INFORMATION SUPPLIED
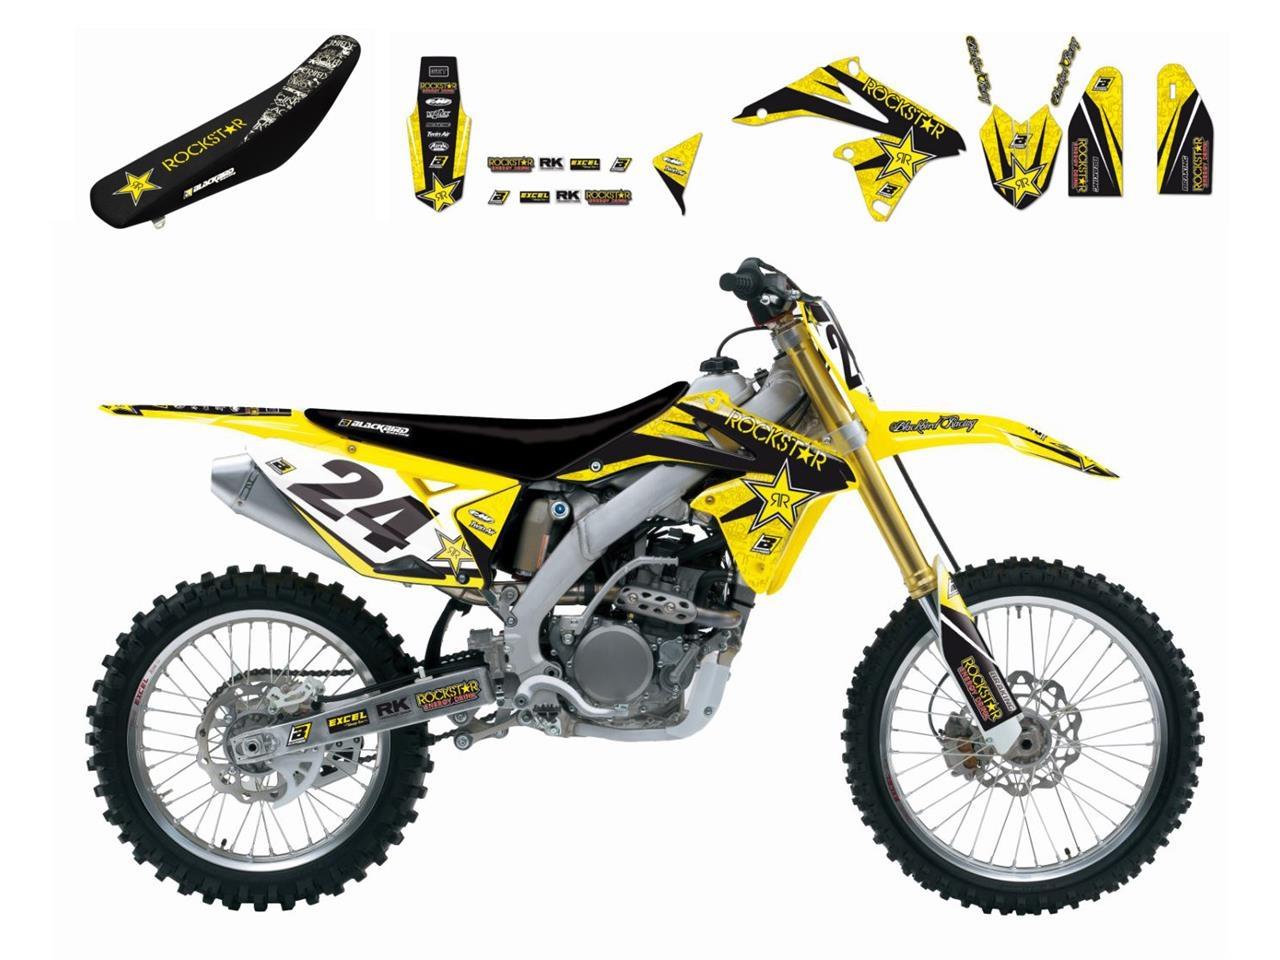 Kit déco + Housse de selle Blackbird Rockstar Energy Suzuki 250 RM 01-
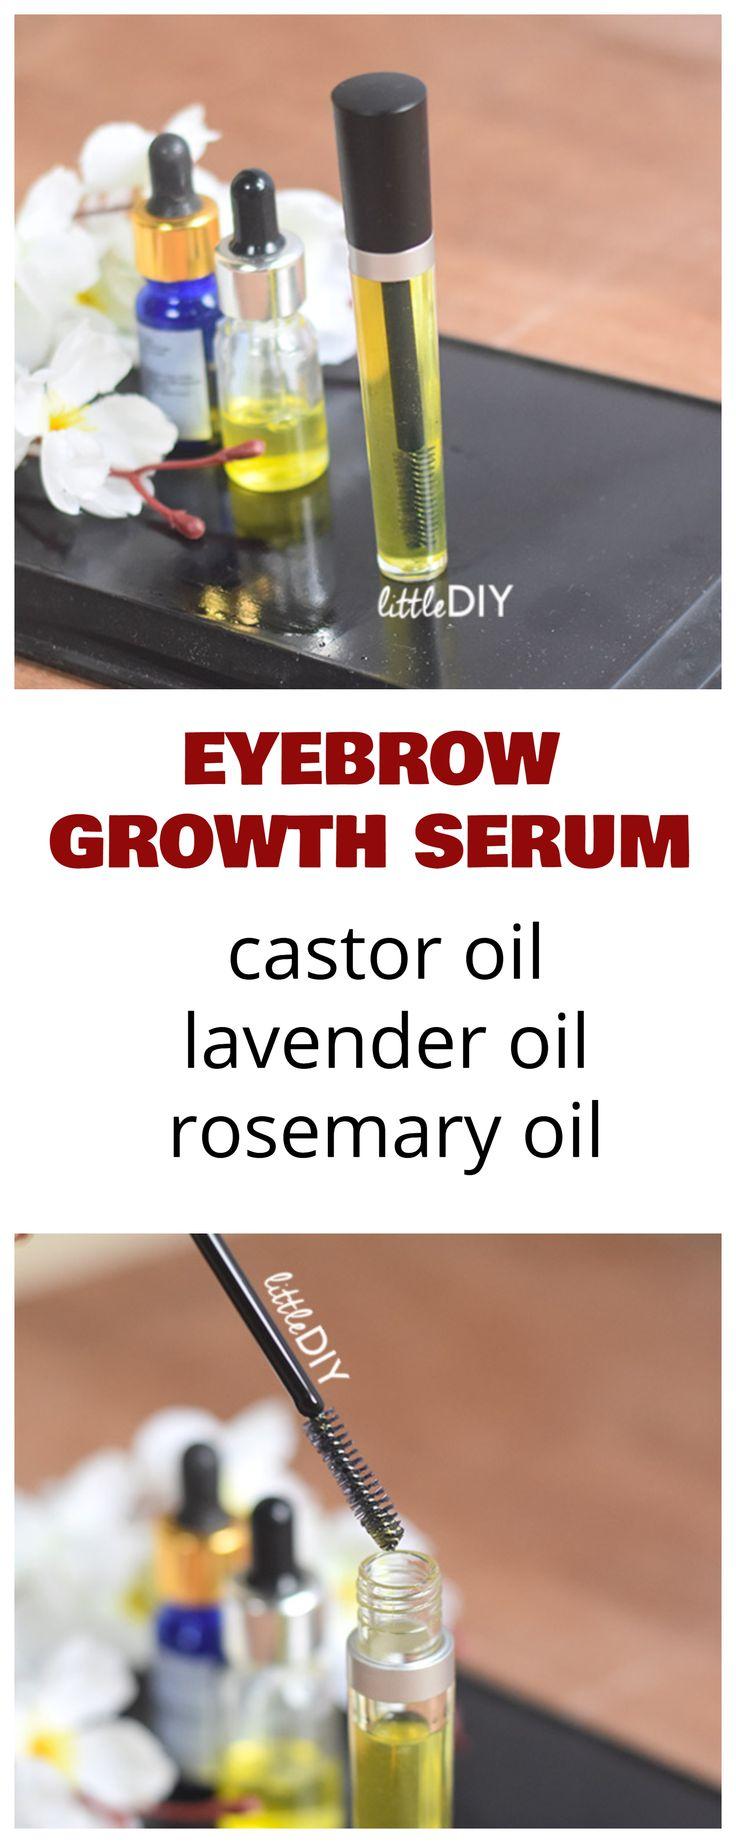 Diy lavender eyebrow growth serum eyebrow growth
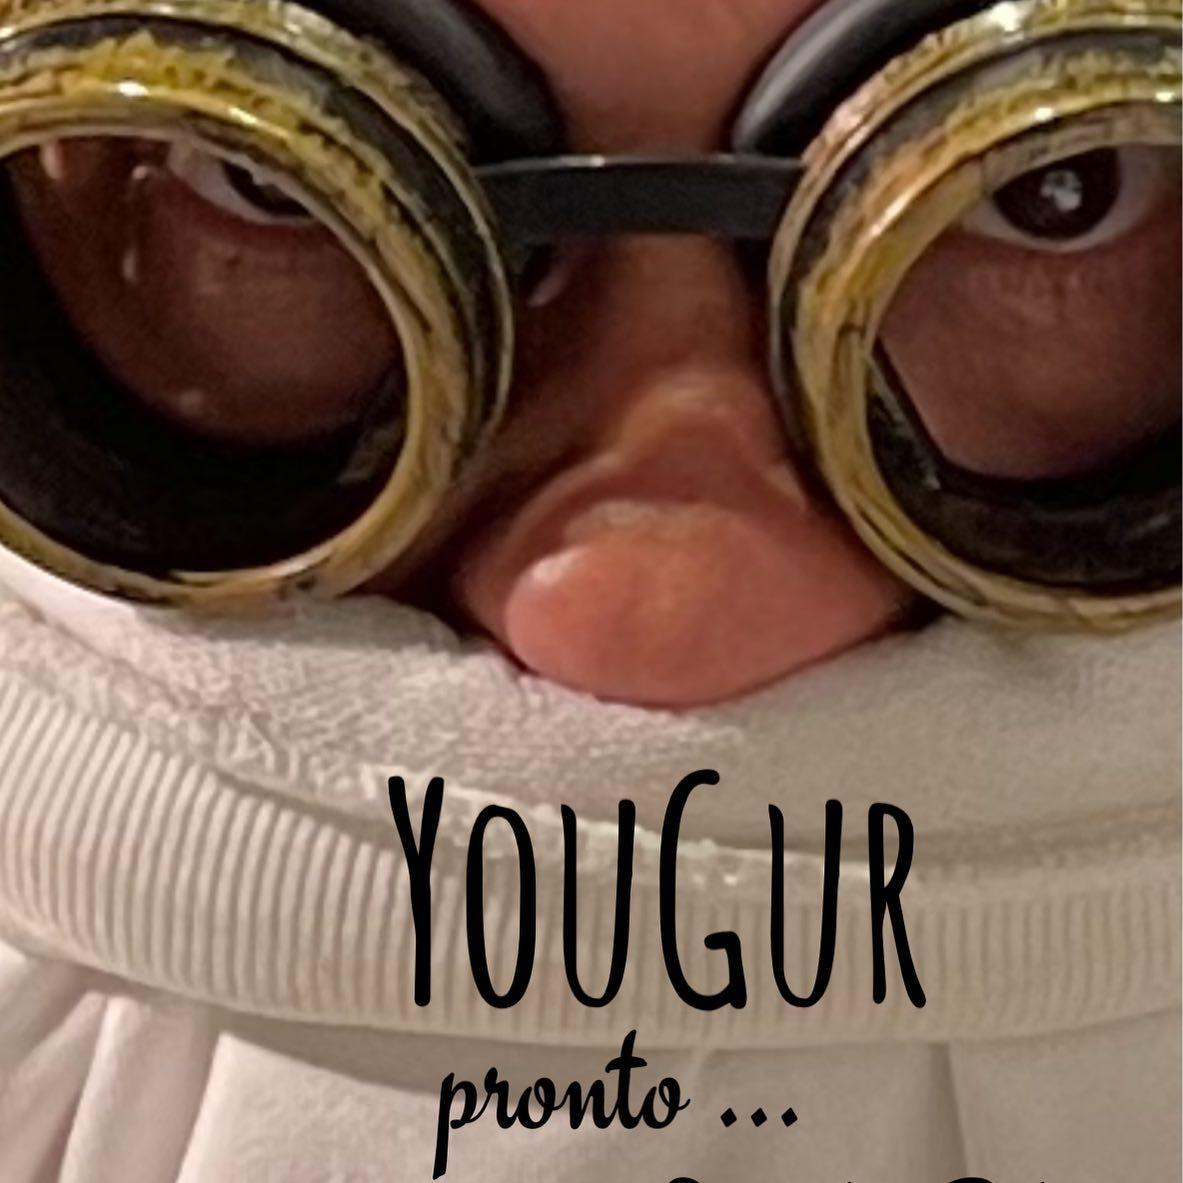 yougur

EXERCISE BRIEF
Since the pictures are not wanted, repeat only the rest of the material, exactly as given.

WRITTEN RESPONSE
 Kit déco + Housse de selle Blackbird Rockstar Energy Suzuki 250 RM 01-
 Diy lavender eyebrow growth serum eyebrow growth
 yougur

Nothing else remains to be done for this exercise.